Consider Banach space $X$ with unit ball $B_X$. There is the cannonical embeding $\iota:X\to X^{**}$. Does this always preserve extreme points of $B_X$? I.e., is it always true that $\iota(\partial_e(B_X))\subset \partial_e(B_{X^{**}})$?
I tried to prove it by having $x\in\partial_eB_X$ and $y,z\in B_{X^{**}}\setminus\{x\}$ such that $\frac{y+z}2=x$ and looking at the sequances $(y_k),(z_k)\subset B_X$ weakly-* converging to $y$ and $z$, but I can't seem to squeeze the contradiction out of it.
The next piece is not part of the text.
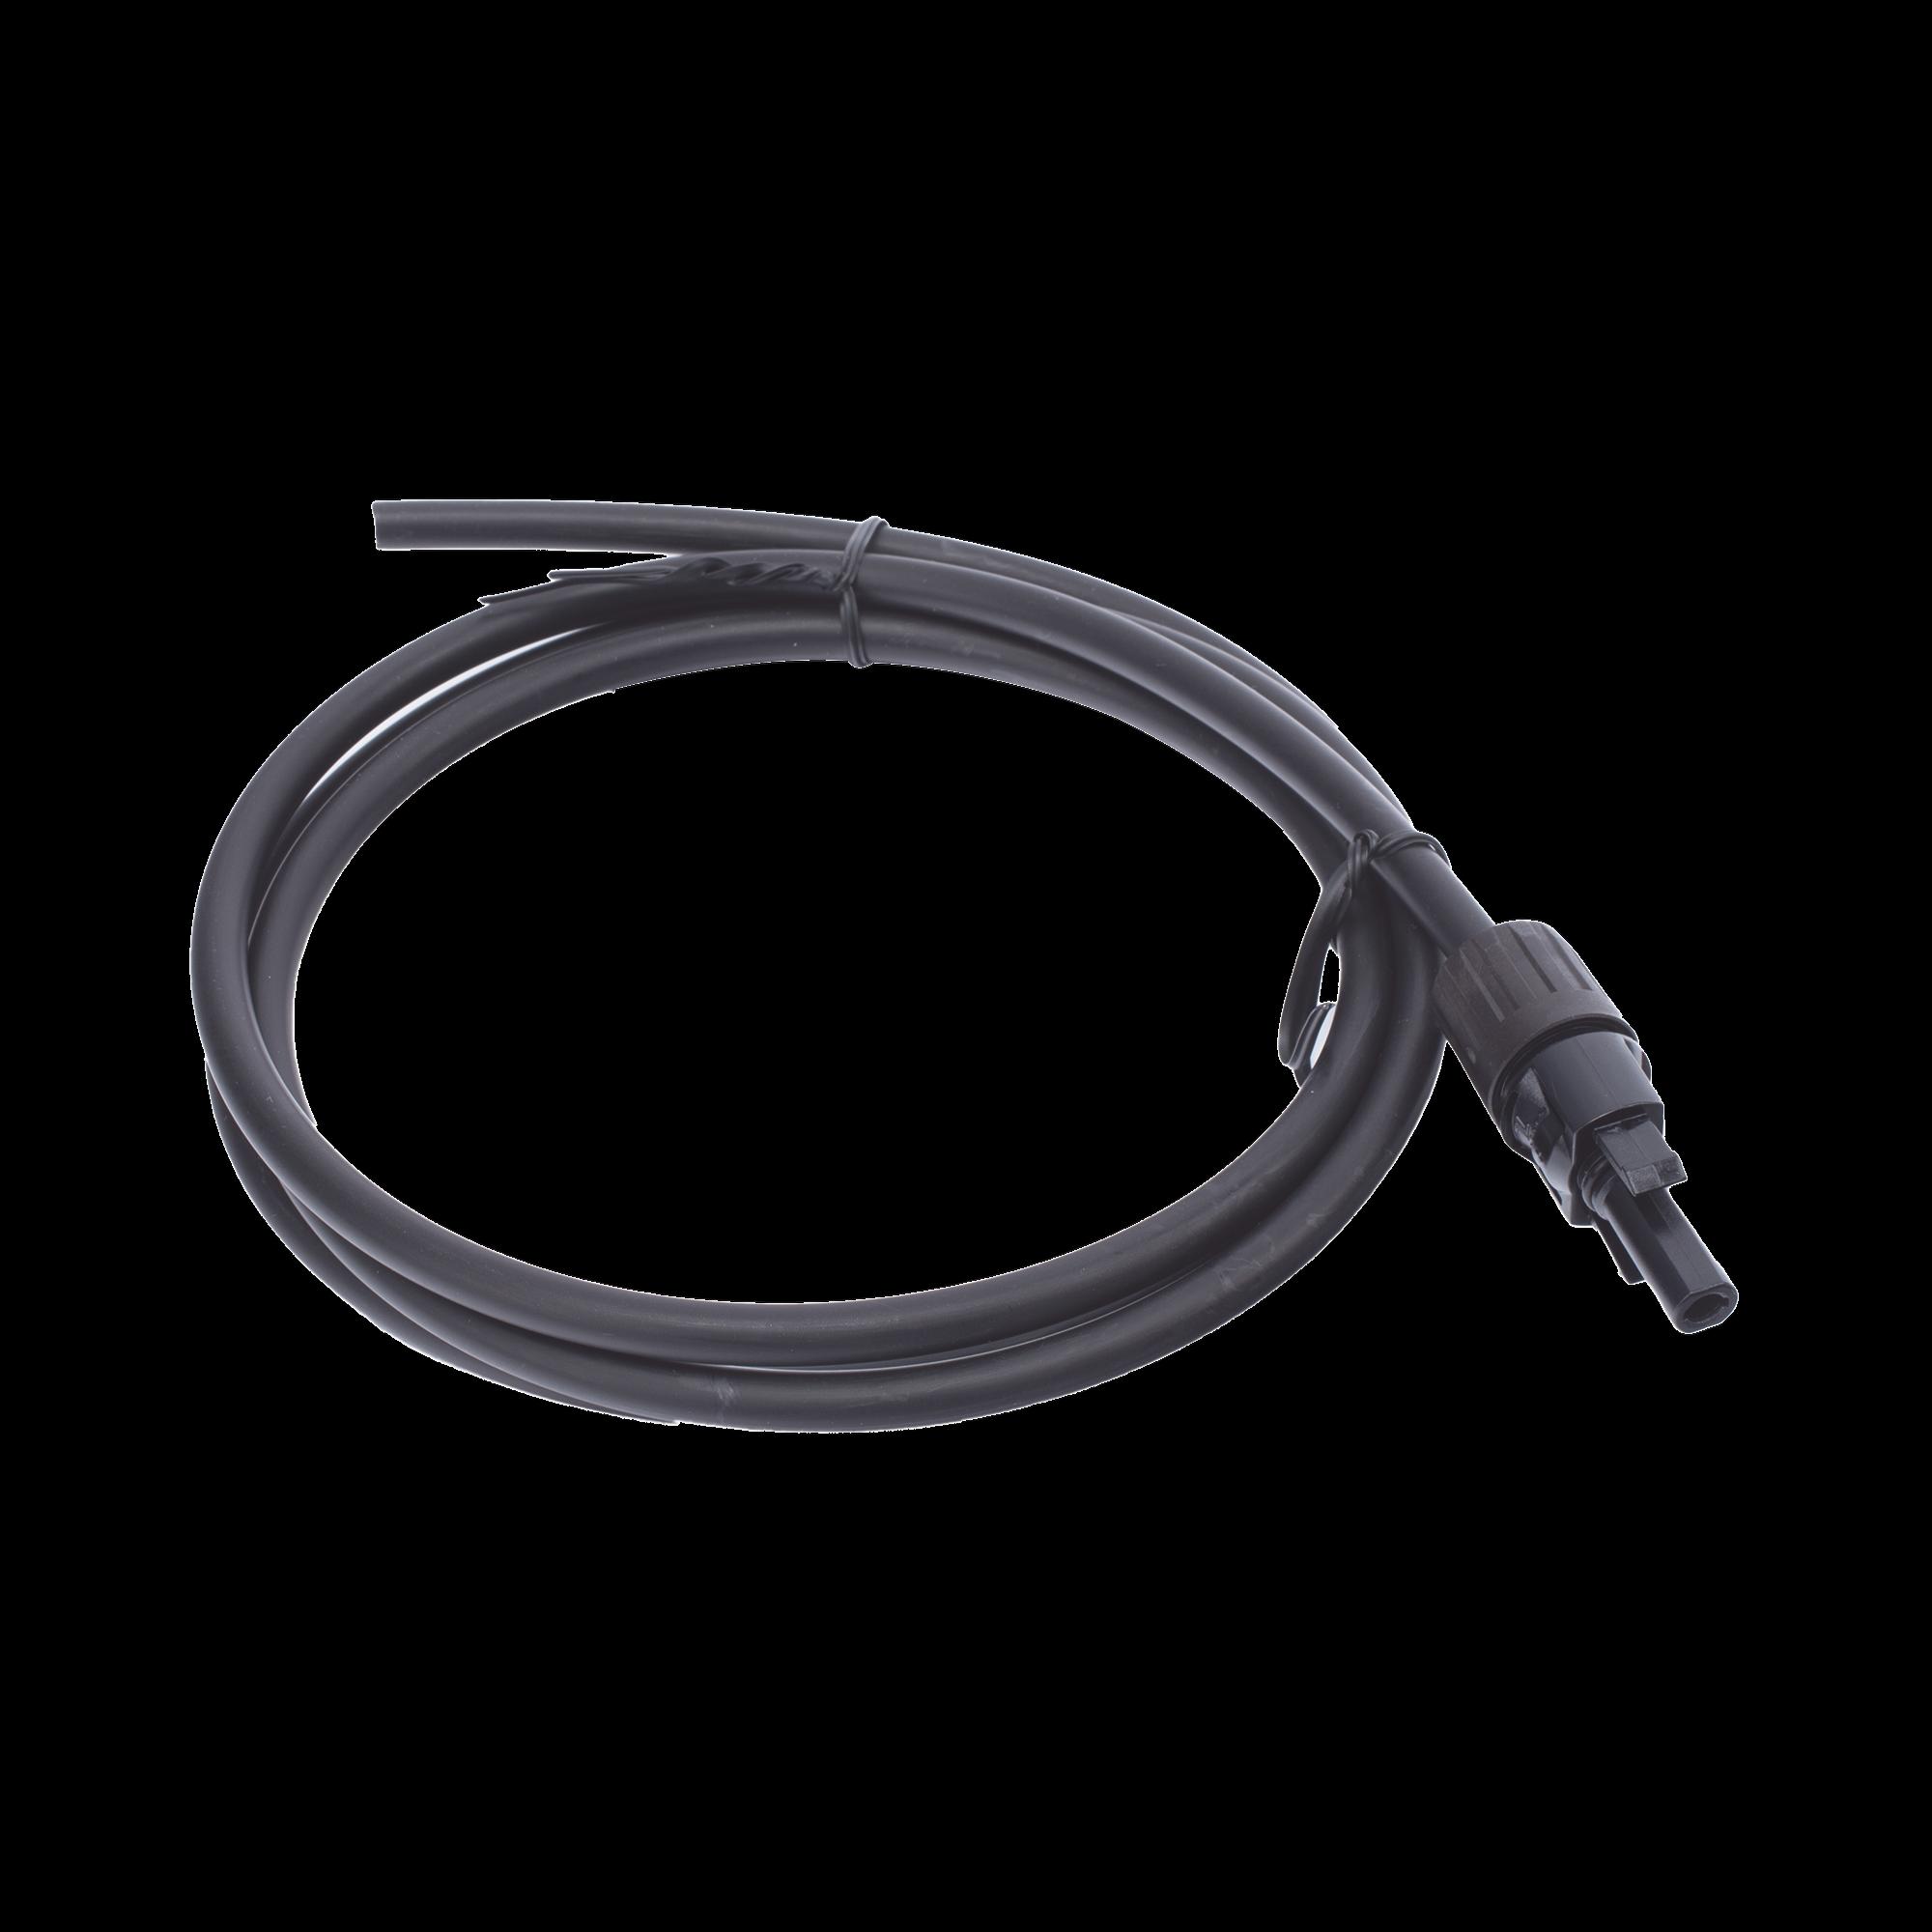 Cable Fotovoltaico 1.5 m, Negro, Calibre 10 AWG con Terminal MC4-H en un Extremo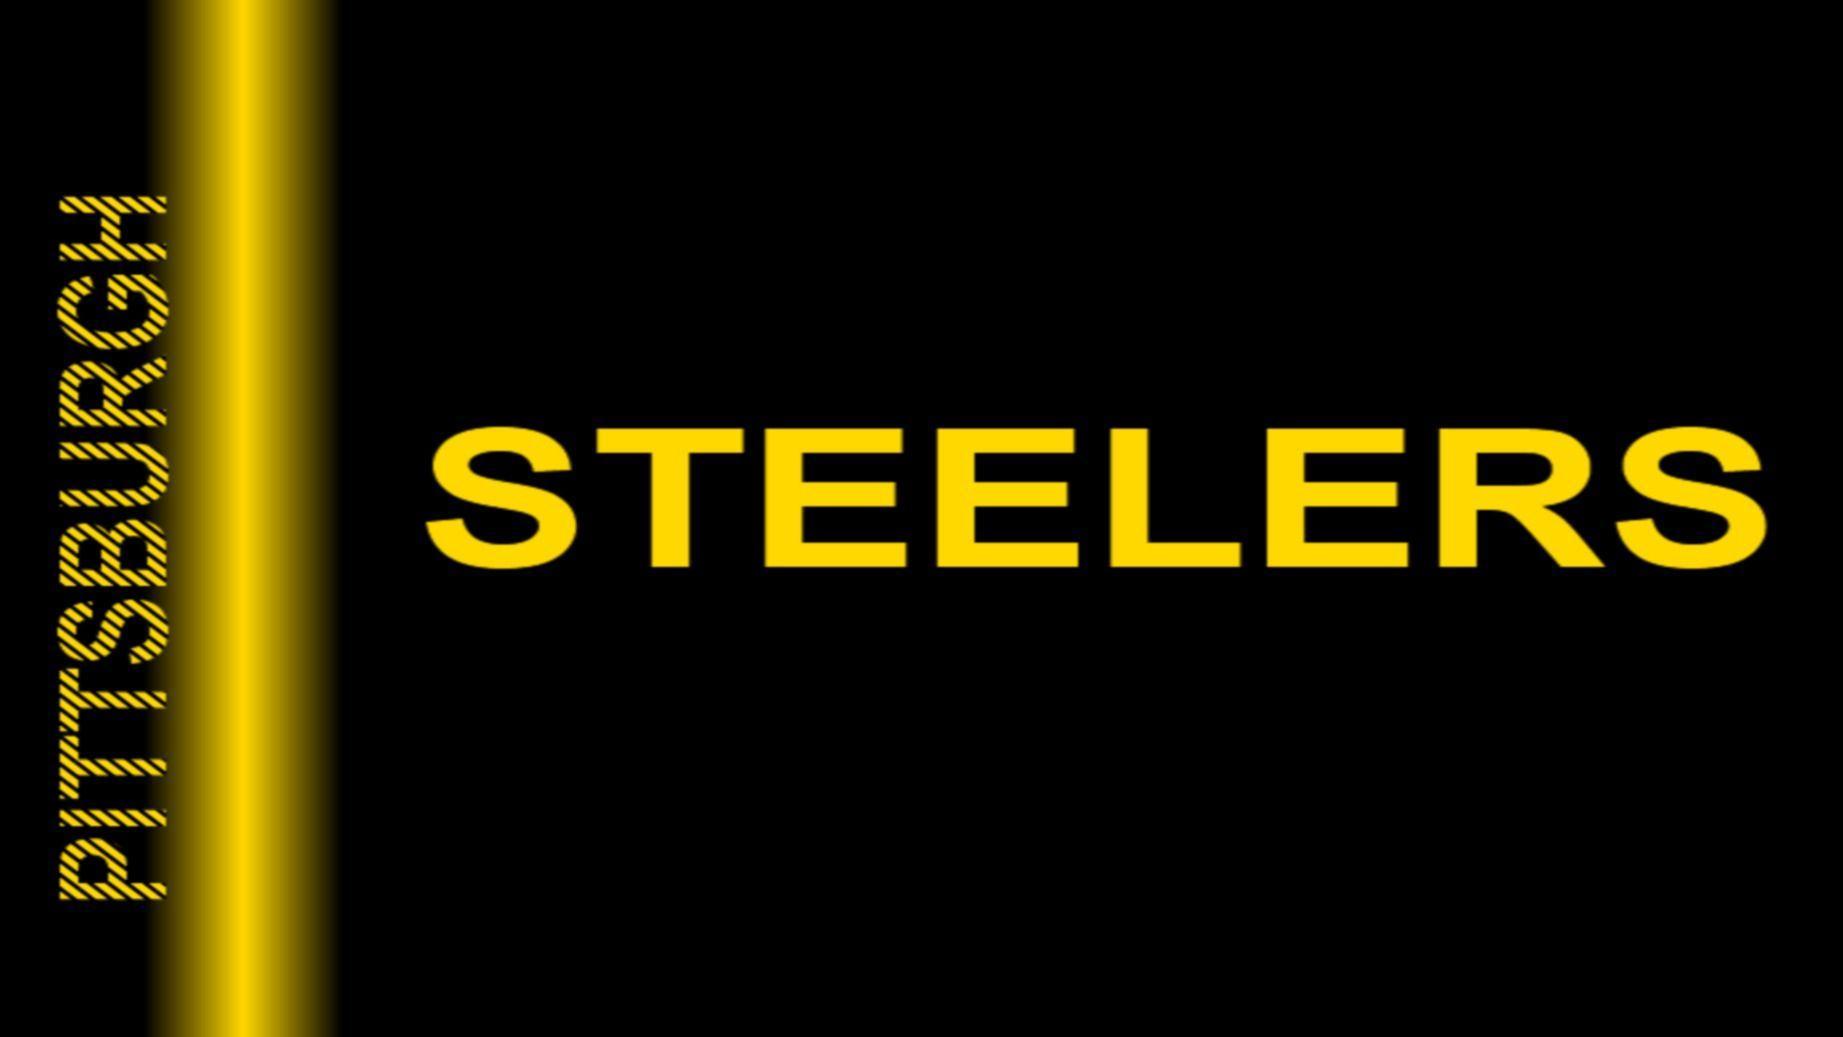 Steelers Logo Wallpapers Top Free Steelers Logo

Also, by Milman's theorem, it is obvious for isolated points of $\partial_eB_X$, but that really don't need to be all of them…
Best Answer
Here is a short description of the idea in the paper of Morris: Disappearance of extreme points. I didn't work up all details. If anyone would like to elaborate further (or finds a mistake in my interpretation), feel free to edit my answer.
Consider $X=c_0$. The main effort is to construct an injective continuous linear operator $T:c_0 \to l^2$ such that $T^{\ast \ast}: l^\infty \to l^2$ has an infinite dimensional kernel $N(T^{\ast \ast})$. Then $c_0$ is equivalently renormed by $\|x\|_T:=\|x\|_\infty + \|Tx\|_2$. Now $(c_0,\|\cdot\|_T)$ is strictly convex (hence each boundary point of the unit ball is an extreme point, whereas the unit ball wrt $\|\cdot\|_\infty$ has no extreme points). The norm in $(c_0,\|\cdot\|_T)^{\ast \ast}$ is then given by $x \mapsto \|x\|_\infty + \|T^{\ast \ast}x\|_2$ $(x \in l^\infty)$, and is also denoted by $\|\cdot\|_T$.
Now let $x =(x_n)_{n=1}^\infty\in c_0$ with $\|x\|_T=1$. We show that $x$ is not an extreme point of the unit ball in $(c_0,\|\cdot\|_T)^{\ast \ast}$. Let $m \in \mathbb{N}$ be such that $|x_n| \le \|x\|_\infty/2$ $(n \ge m)$. Note that $m >1$. Since $N(T^{\ast \ast})$ is infinite dimensional there is a nonzero element $y =(y_n)_{n=1}^\infty\in N(T^{\ast \ast})$ with $y_n =0$ $(n < m)$. Scale $y$ such that in addition $\|y\|_\infty \le \|x\|_\infty/2$. Then $$ \|x \pm y\|_\infty = \|x\|_\infty, \quad \|T^{\ast \ast}(x \pm y)\|_2 = \|T^{\ast \ast}x\|_2 = \|Tx\|_2. $$ Hence $\|x \pm y\|_T = \|x\|_T=1$, and so $x$ is not an extreme point.